FIG. 7 shows a general flow chart of a method according to the disclosure for generating a mobile data set and for determining a trajectory, and

FIG. 8 shows a concrete flow chart in which a 3D laser scanner is used to acquire a 3D cloud of points of a region to be measured.

DESCRIPTION

FIG. 1 shows a configuration example of a mobile scanning assembly 1 according to the disclosure. It has a 3D laser scanner 2, which in this configuration example is mounted on a tripod 4 or another support bracket. Furthermore, the scanning assembly 1 has a camera unit 6 that is spaced apart from the laser scanner 2. The camera unit 6 is arranged in such a way that it has a largely unobstructed view of the scene. The camera unit 6 is also spaced from a platform 8 supporting the laser scanner 2—it is also conceivable that the camera is integrated in the platform or in the scanner in order to record images in profile mode with a view as parallax-free as possible. The laser scanner 2 is connected to the platform 8 via the tripod 4 or another suitable device and a receptacle described in more detail below, wherein an inclined (approx. 45° inclination) or vertical position is preferred. If the orientation of the laser scanner 2 on the platform 8 is not exact, this can be compensated for by an electronic compensator of the laser scanner 2.

An inertial sensor not shown in the Figure should be positioned in a predetermined relative position approximately centered below the laser scanner 2.

The platform 8 is configured with an electronic unit, which is configured with an onboard PC and a DC-to-DC converter. The onboard PC has for example threads on its rear side, which are for example formed in the manner of a VESA receptacle. Thus, the onboard PC, which is configured with rubber feet, if applicable, can be screwed to the platform or can be secured against slipping and vibrations with another type of mount within the technology unit.
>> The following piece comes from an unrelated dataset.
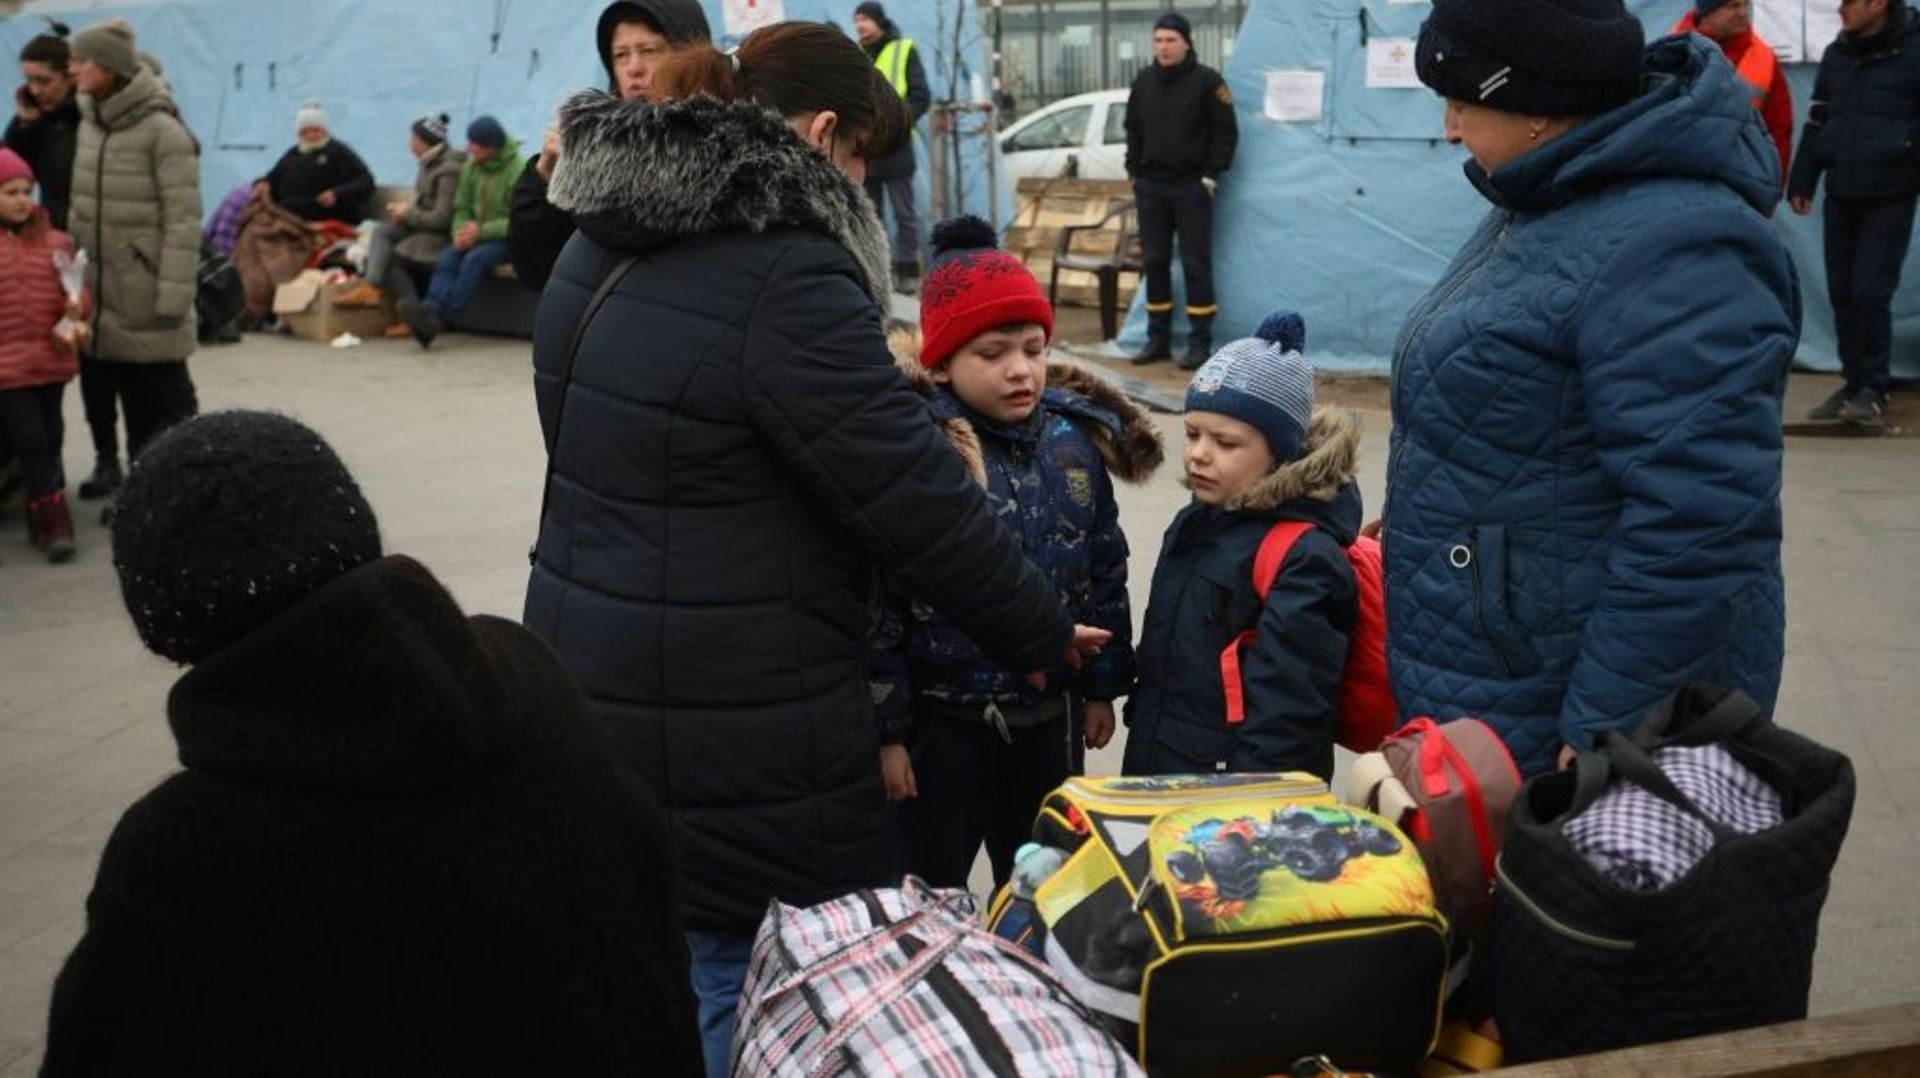 Des réfugiés qui avaient quitté l’Ukraine pour la Pologne mais ont finalement décidé de regagner leur pays arrivent à la gare de Lviv, dans l’Ouest d l’Ukraine, le 16 mars 2022

At least one accumulator 10 is mounted on an upper side of the platform 8. Preferably, several accumulators 10 are held on the platform 8 in such a way that they are easily replaceable in order to enable a longer scan time in the field. The accumulators are preferably interconnected in such a way that at least one accumulator can be replaced without interrupting the scan.

In this configuration example, the camera unit 6 is attached to a cargo backpack 12 via an angled bracket. A profile is attached approximately in the middle of the angled bracket, to which the camera unit 6 is mounted. The angled bracket is, for example, screwed to a frame of the cargo backpack 12 on both sides, or is detachably attached in another way. In particular, it is advantageous if the mounting of the camera unit 6 is configured in such a way that it is rigidly configured relative to the frame of the cargo backpack 12. This makes calibration of the scanning assembly 1 much easier. Cables of the camera unit 6 are routed along a side of the cargo backpack 12 facing away from a user to the onboard PC.

The mobile scanning assembly 1 has a total of three operating modes, wherein the third operating mode is explained in more detail in a later figure.

FIG. 2 schematically shows two operating modes (MMS rotation mode, profile mode) of the laser scanner of the mobile scanning assembly 1.

In MMS or SLAM rotation mode, the laser scanner 2 is located on the moving platform 8 and rotates (a few times per second) around its vertical axis X, while a rotor 11 ensures a rapid vertical deflection of the scanning laser beam 14. According to the illustration in FIG. 2a, a helix of vertical profiles twisted around the vertical axis is created (by the horizontal movement of the platform), which thus have a large overlapping area. This overlap is essential for the SLAM algorithm, which can calculate the exact trajectory and thus the transformation of all recorded data only from this (and the motion estimation of the INS).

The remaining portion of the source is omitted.